AI Is the Crown Jewel in Chile’s New Nine-Year Development Plan
Wang Shifeng
DATE:  Sep 08 2021
/ SOURCE:  Yicai
AI Is the Crown Jewel in Chile’s New Nine-Year Development Plan AI Is the Crown Jewel in Chile’s New Nine-Year Development Plan

(Yicai Global) Sept. 8 -- Chile started drafting its first artificial intelligence policy in 2019 as a main driver of growth amid popular discontent against perceived corrupt rule under President Sebastián Pinera and widespread social and economic inequality.

High school students protesting a rise in subway fares on October 18 that year invaded the capital Santiago’s metro and closed it in violent unrest and vandalism that spread throughout the country and forced Pinera to declare a referendum on a new constitution to redress inequities, The Yuan, an AI-centric open community on a mission to put the ‘All-Inclusive’ into AI, reported on September 6.

That disorder ended an effective, but unfair economic system. Chile is among the most developed countries in Latin America. Its neoliberal system slashed poverty to 7.4 percent in 2017 from 34.7 percent in 1990. Inequality remains rife, with incomes of the 10 percent richest 26 times higher than those of the 10 percent poorest, per the Organization for Economic Co-operation and Development.

The new constitution offers the chance for Chile to avail itself of the AI-driven ‘Fourth Industrial Revolution,’ per The Yuan report.

This technological boom is spurring ever more Chileans to study AI. Most use it to reboot their careers. This favorable tableau was also the prompt for drafting the Chilean AI Policy to debut before year's end and stretch to 2030.

Ten experts convened to analyze all AI policies worldwide to learn best practices. Key to all this was the government’s engagement with citizens. Over 1,300 people participated in crafting the program, while another 400 took part in working groups to discuss it, and 15 webinars touted AI and informed about the new policy.

The first of its three prongs outlines basic elements of AI developed in the country, with improved Internet access and quality, broad access to fifth-generation wireless communications, better processing and storage, incorporation of computational thinking, AI at all educational levels and in workforce training, and publicizing data to find solutions that benefit society.

The second focuses on elements that allow AI to profoundly affect a country, to foster Chilean research into it, develop an AI ecosystem and adopt it in industry, push its application in the public sector and to mitigate climate change and strengthen the cultural ecosystem.

The third tine seeks to create a framework for AI regulation and participation in the international dialog on standards, set norms for algorithmic transparency and regulate use of personal data.

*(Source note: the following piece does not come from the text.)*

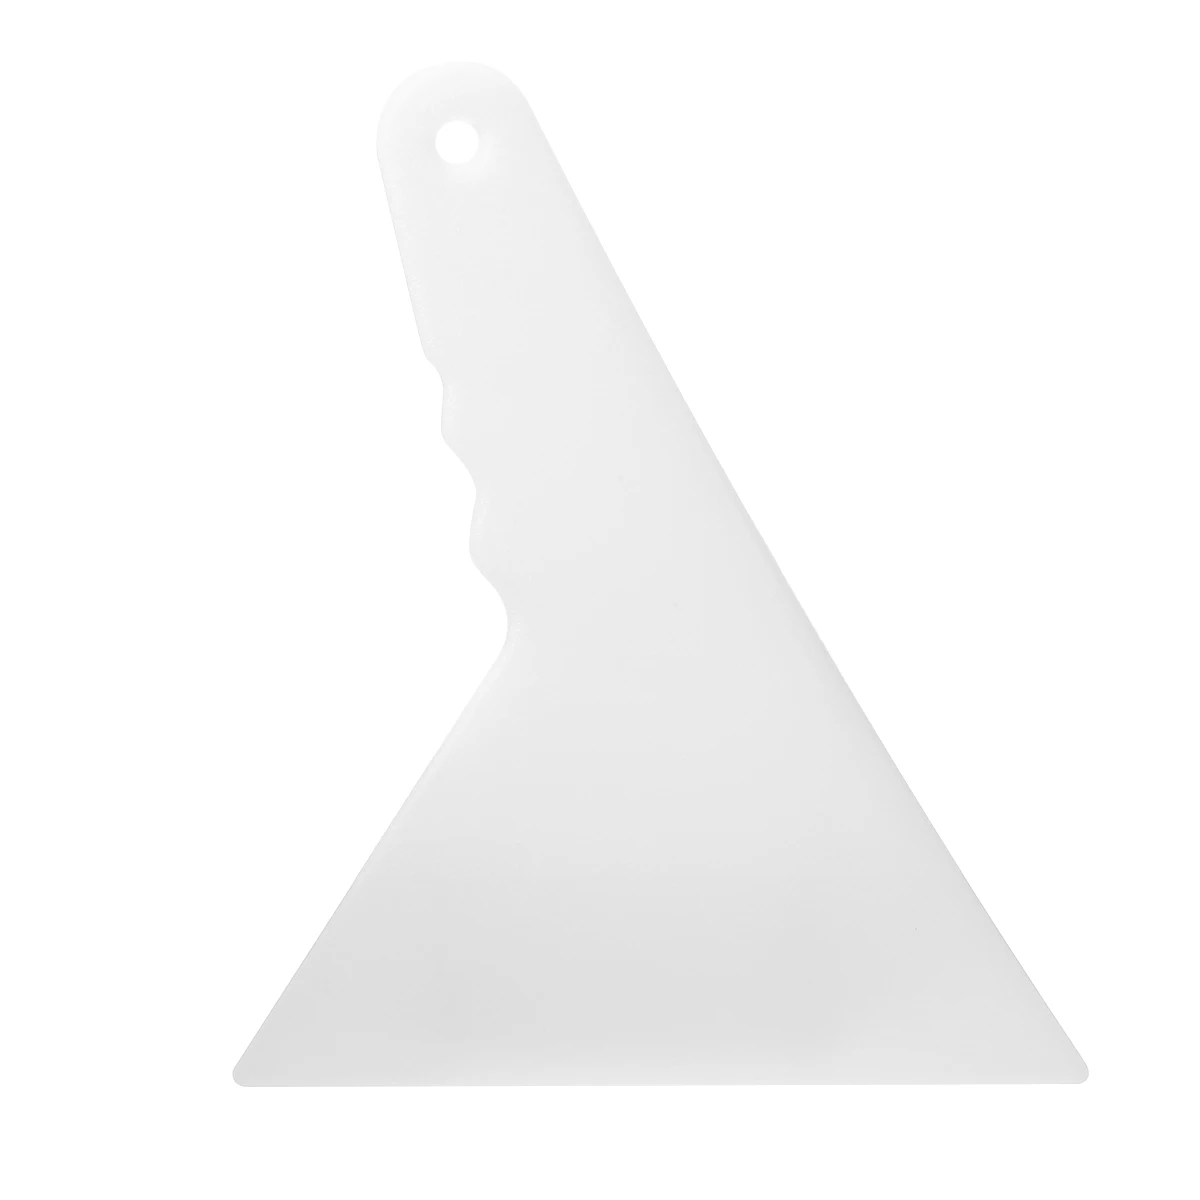 2 шт./компл. алмазов картина корректор для рисования швейная фурнитура коррекции прочные домашние крест стежка рукоделия однотонные пресс-форм

The state will anticipate labor market changes from AI and aid less-skilled workers, leverage opportunities automation will bring, and enact transparency and proper use of consumer data policies. Intellectual property incentives will induce creators to publicize their innovations to benefit society. Cybersecurity will be a core component. Women's participation will be encouraged for gender equality and to prevent algorithms holding biases against them.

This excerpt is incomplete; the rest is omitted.